→ **ABOUT THIS EXERCISE**
Starting with the line that contains "Dream Xtreme Live", copy each line exactly through the end of the listing, and omit all pictures.

→ **STORED DATA**
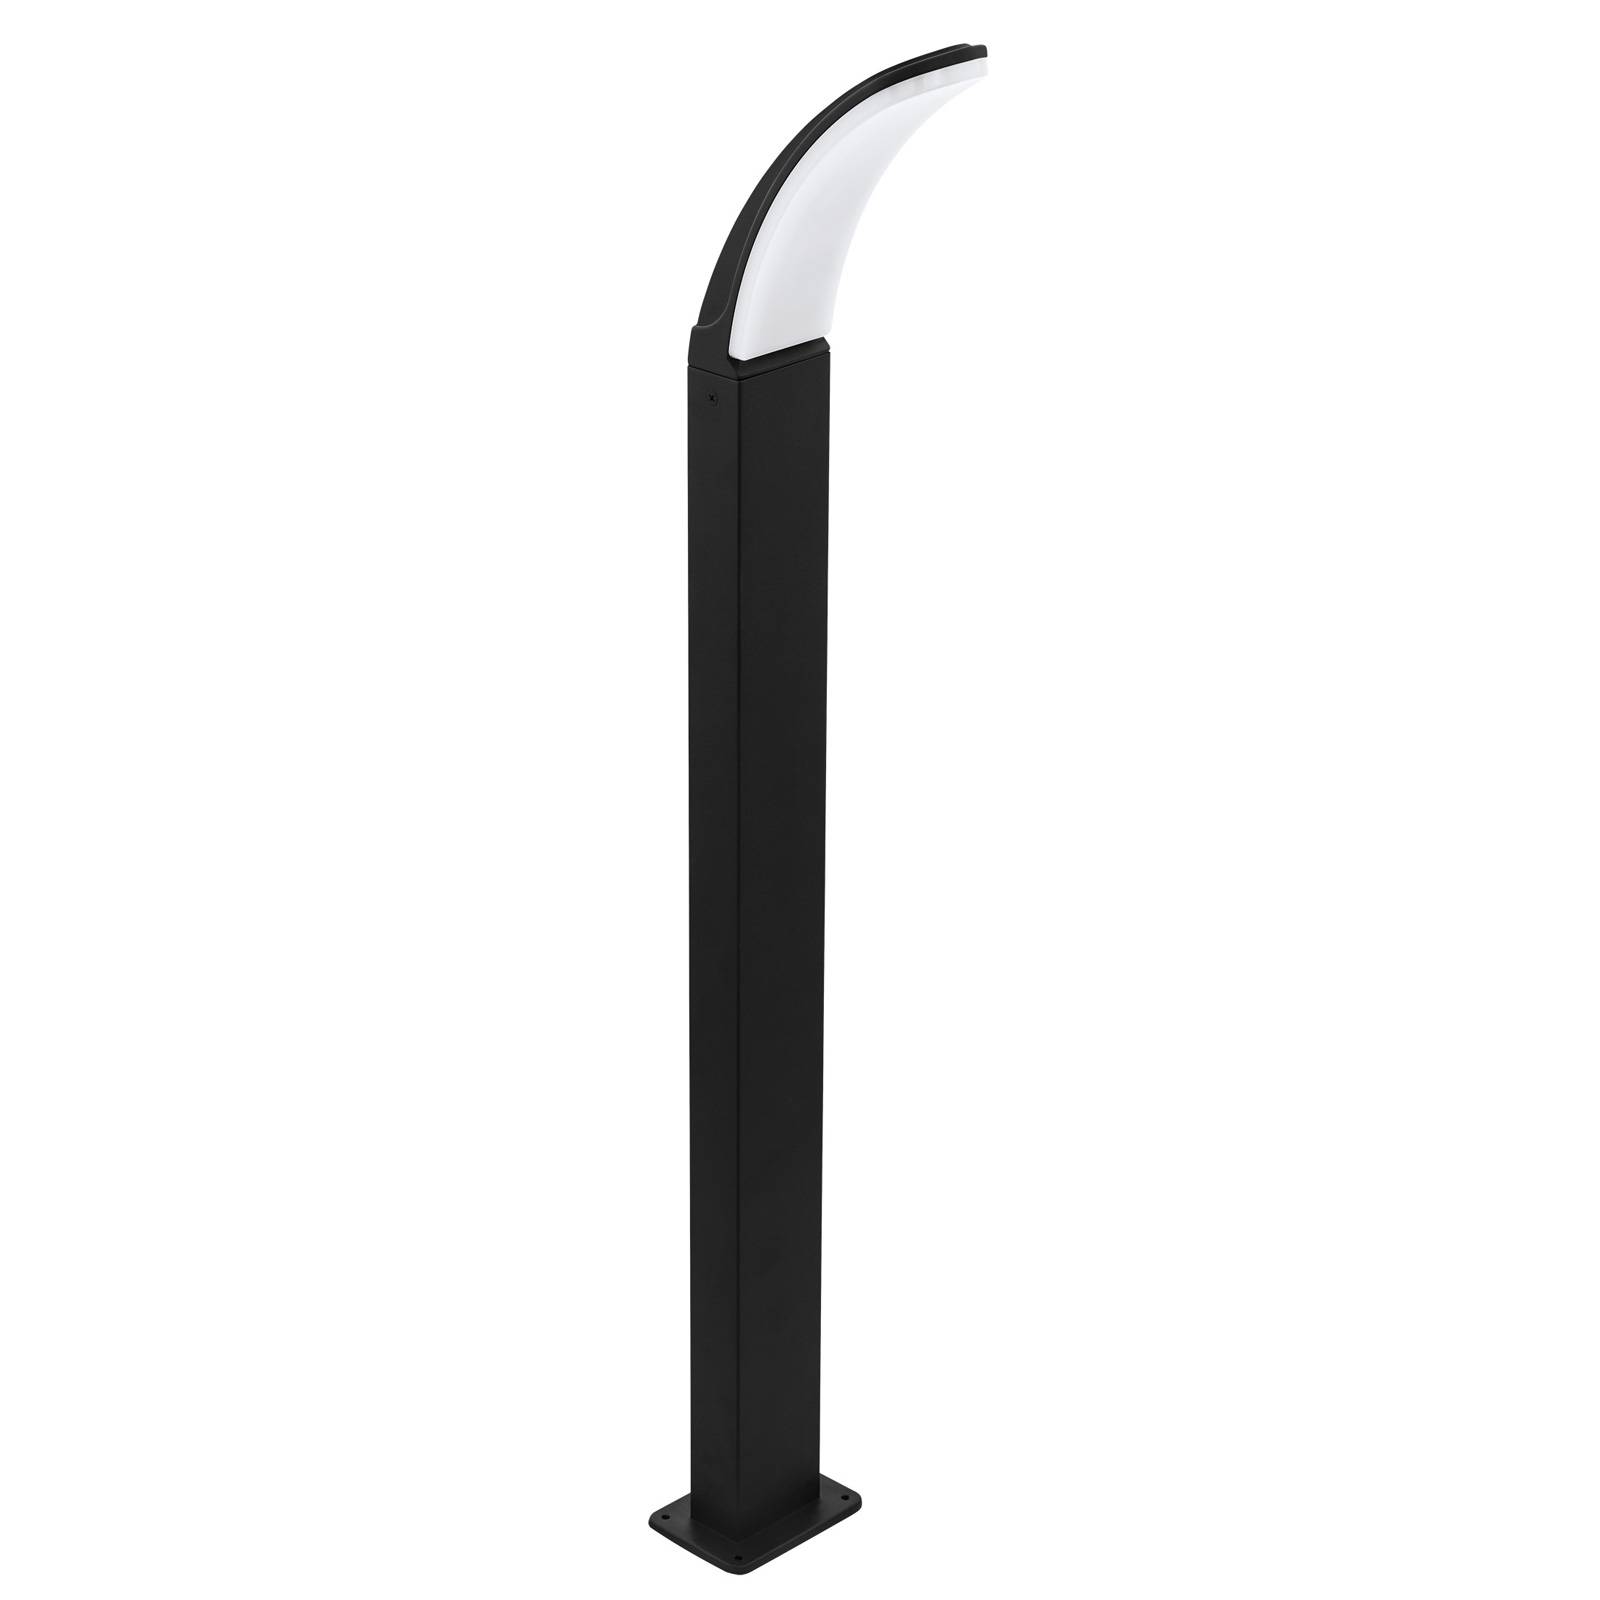 Fiumicino LED ösvény lámpa, ívelt alakú
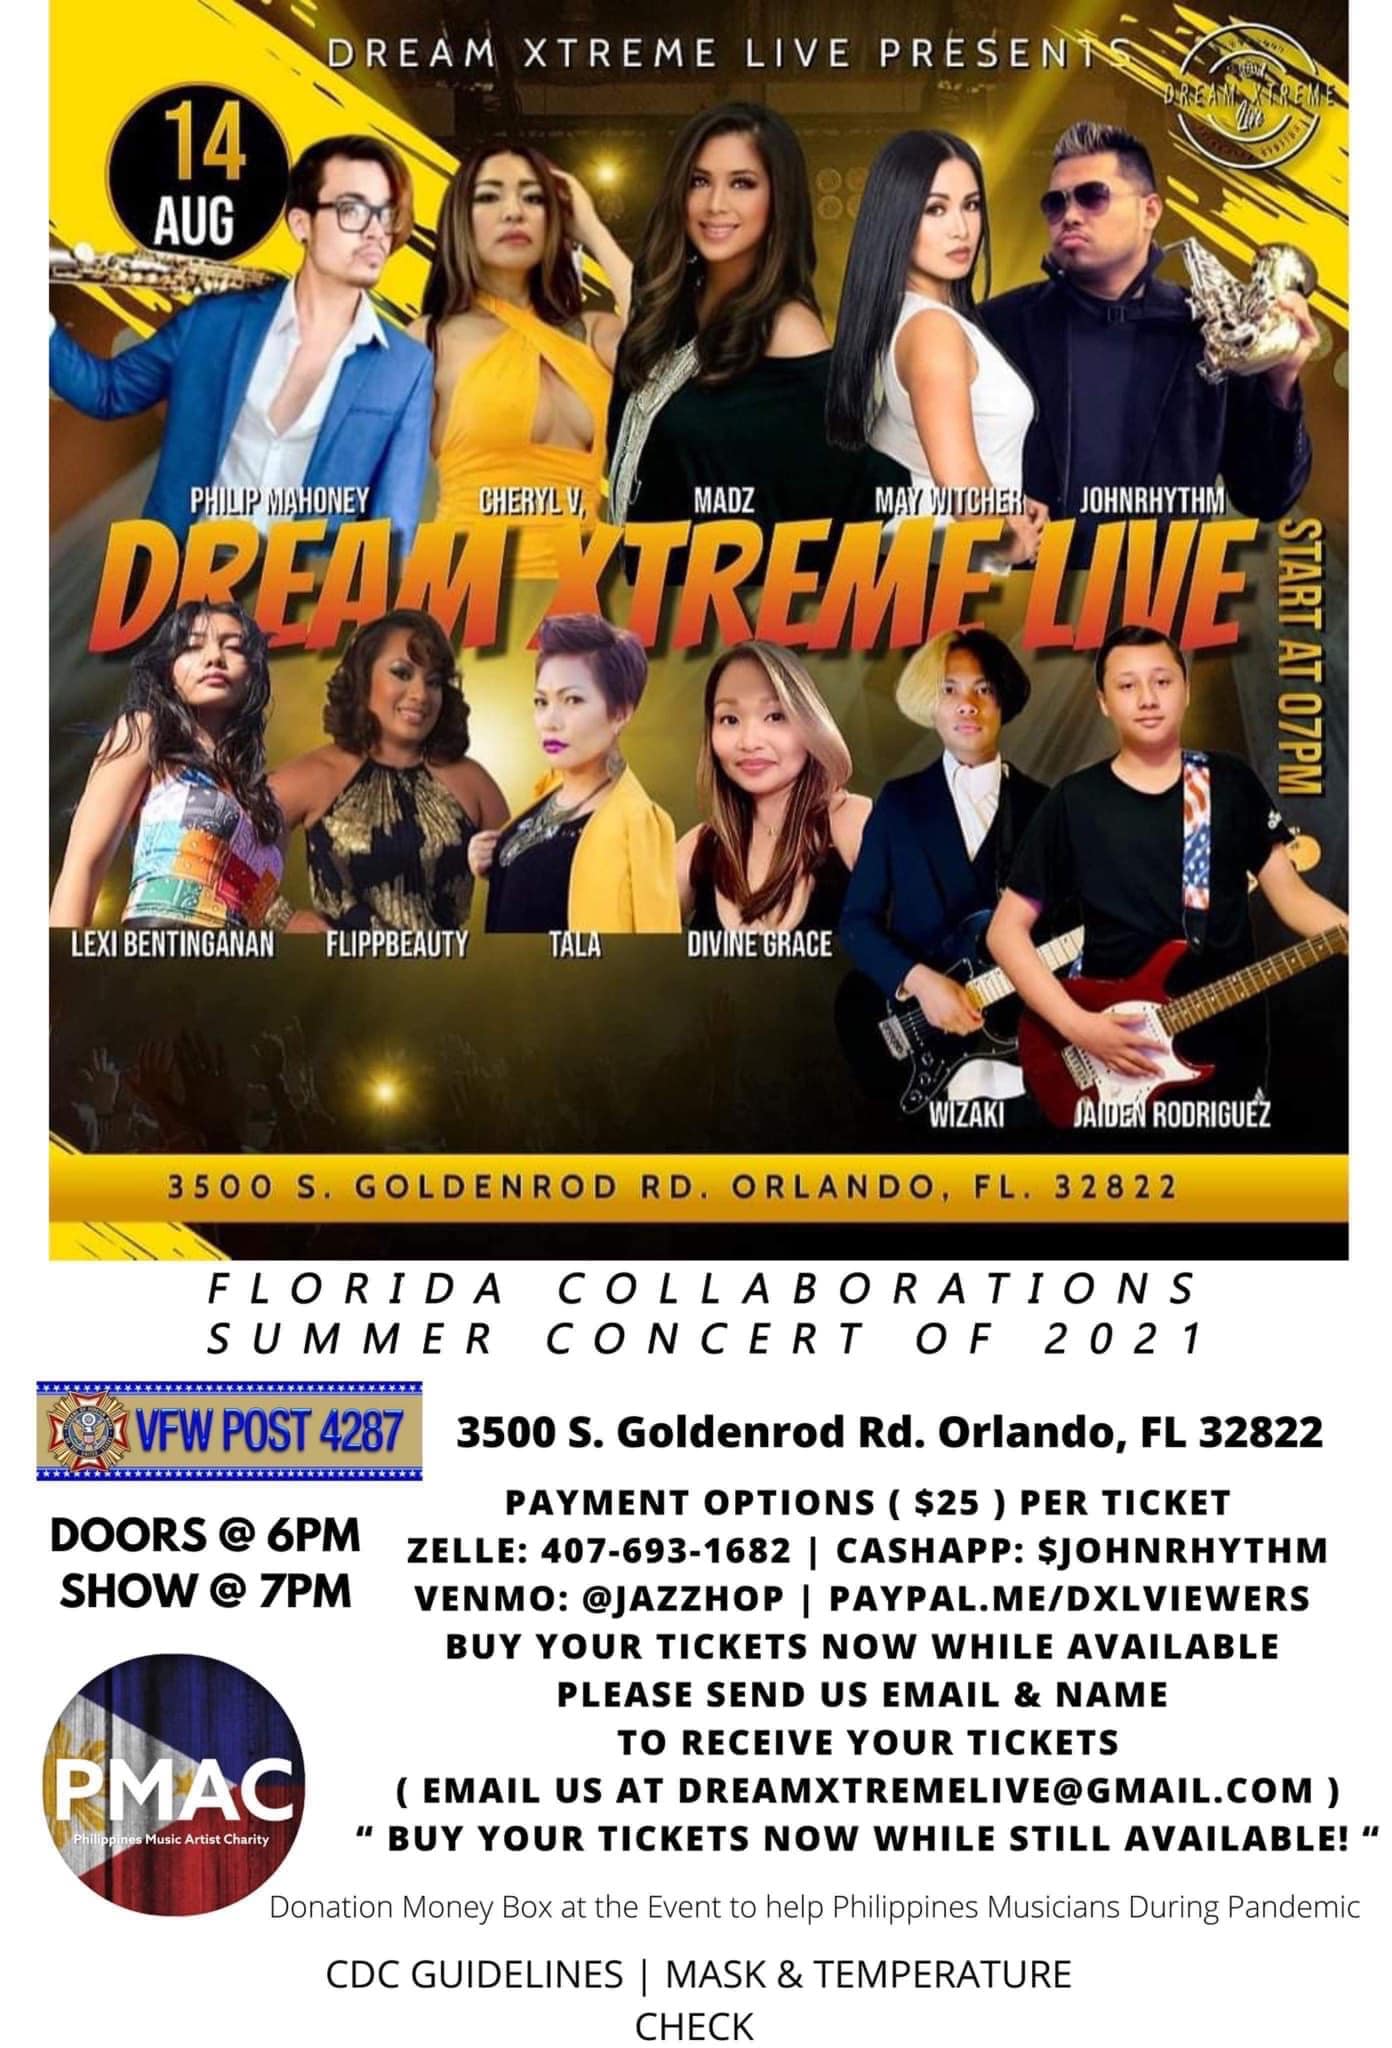 Dream Xtreme Live
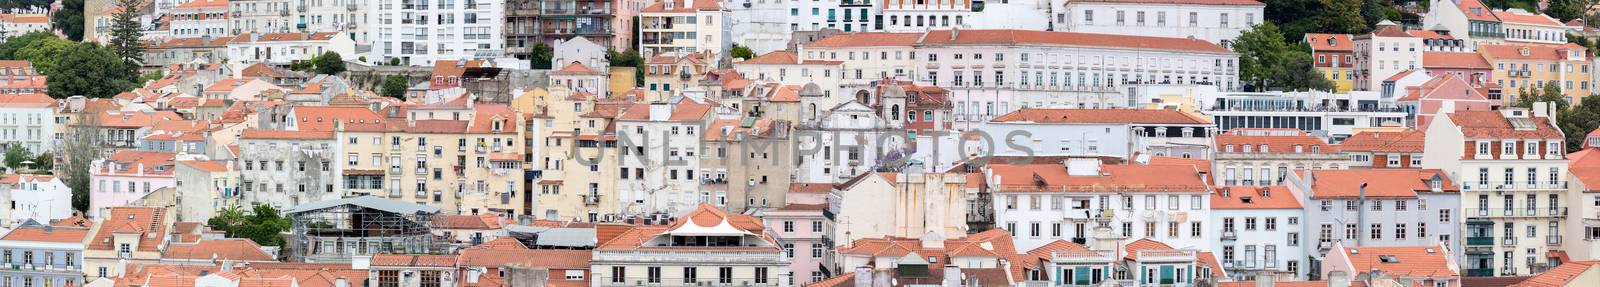 Lisbon cityscape Portugal by vichie81
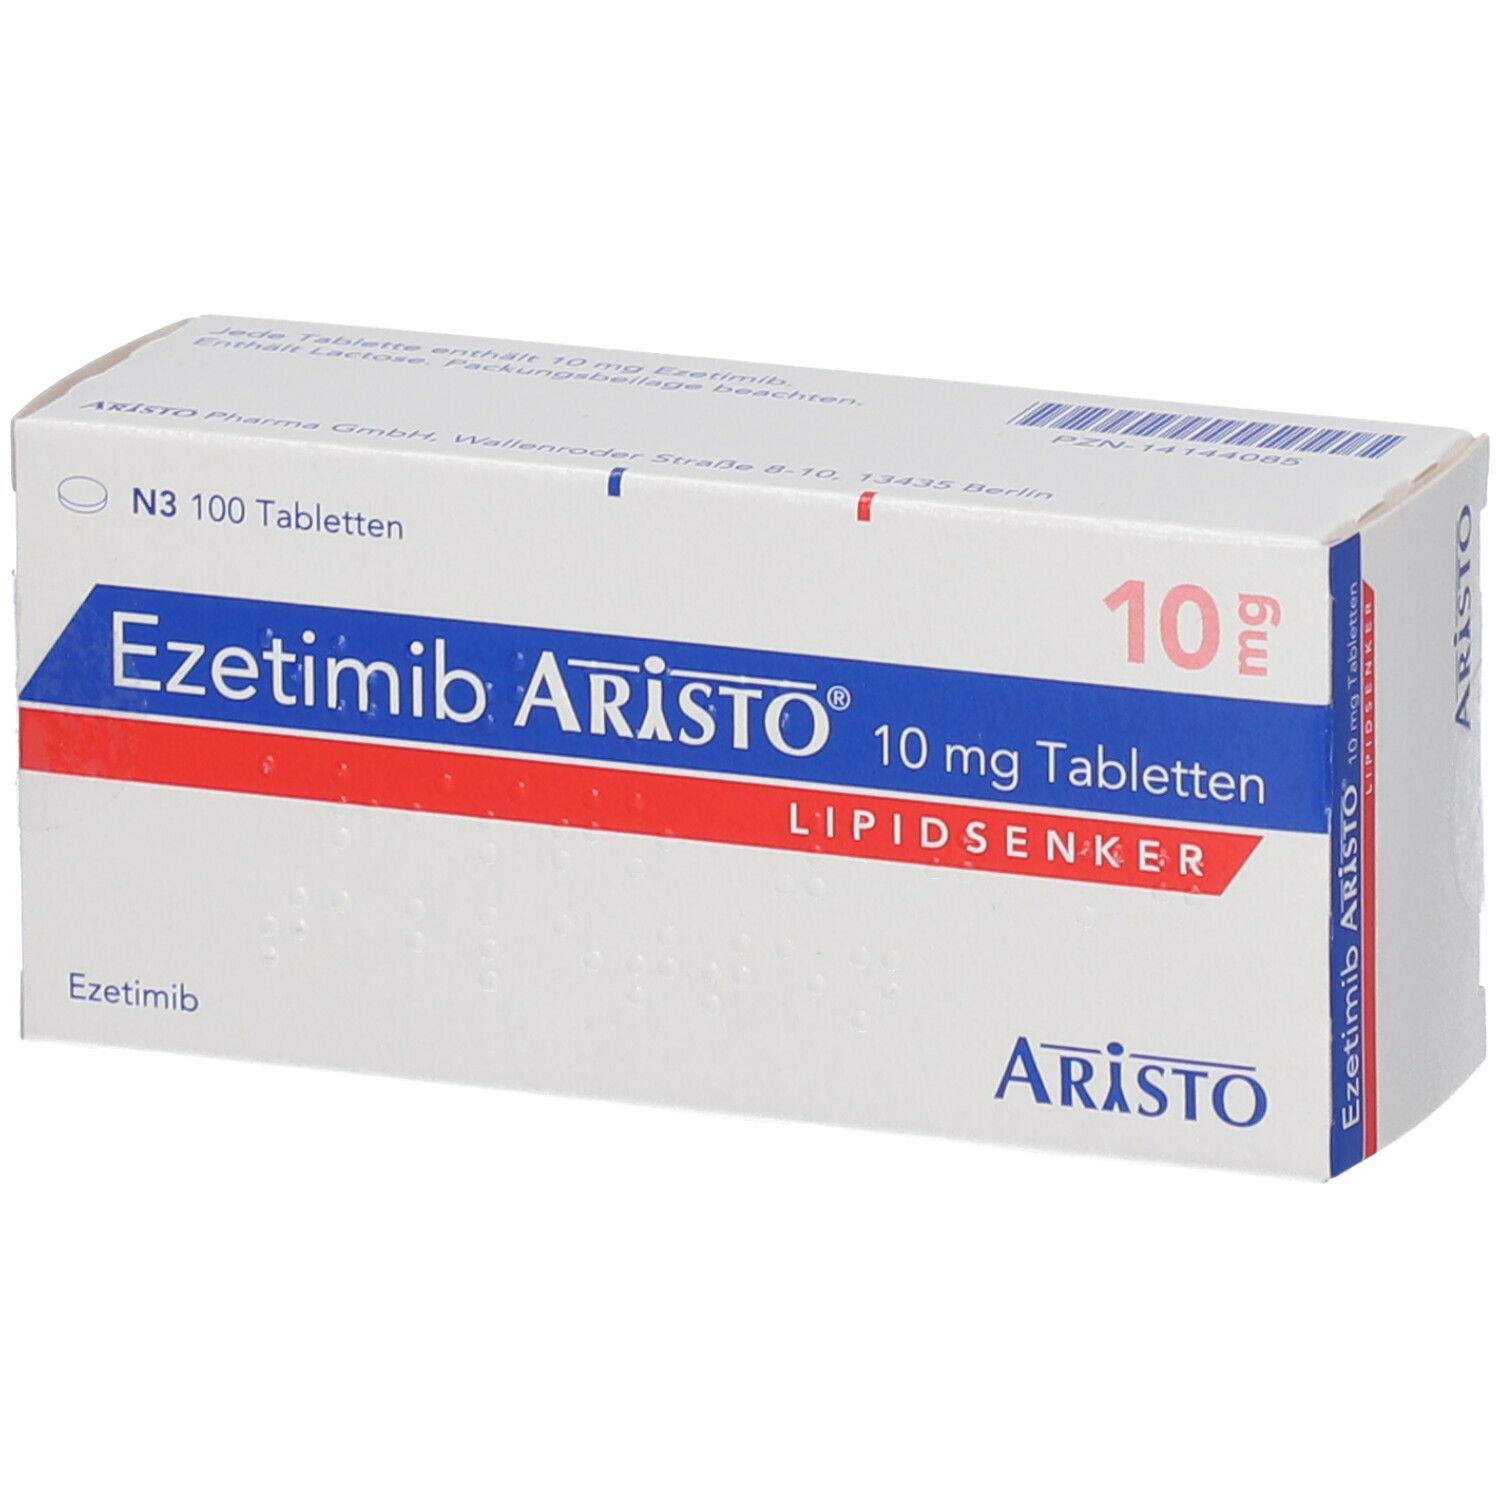 Ezetimib Aristo® 10 mg

→ **FINAL ANSWER**
 Dream Xtreme Live
 Lisbon cityscape Portugal by vichie81
 Ezetimib Aristo® 10 mg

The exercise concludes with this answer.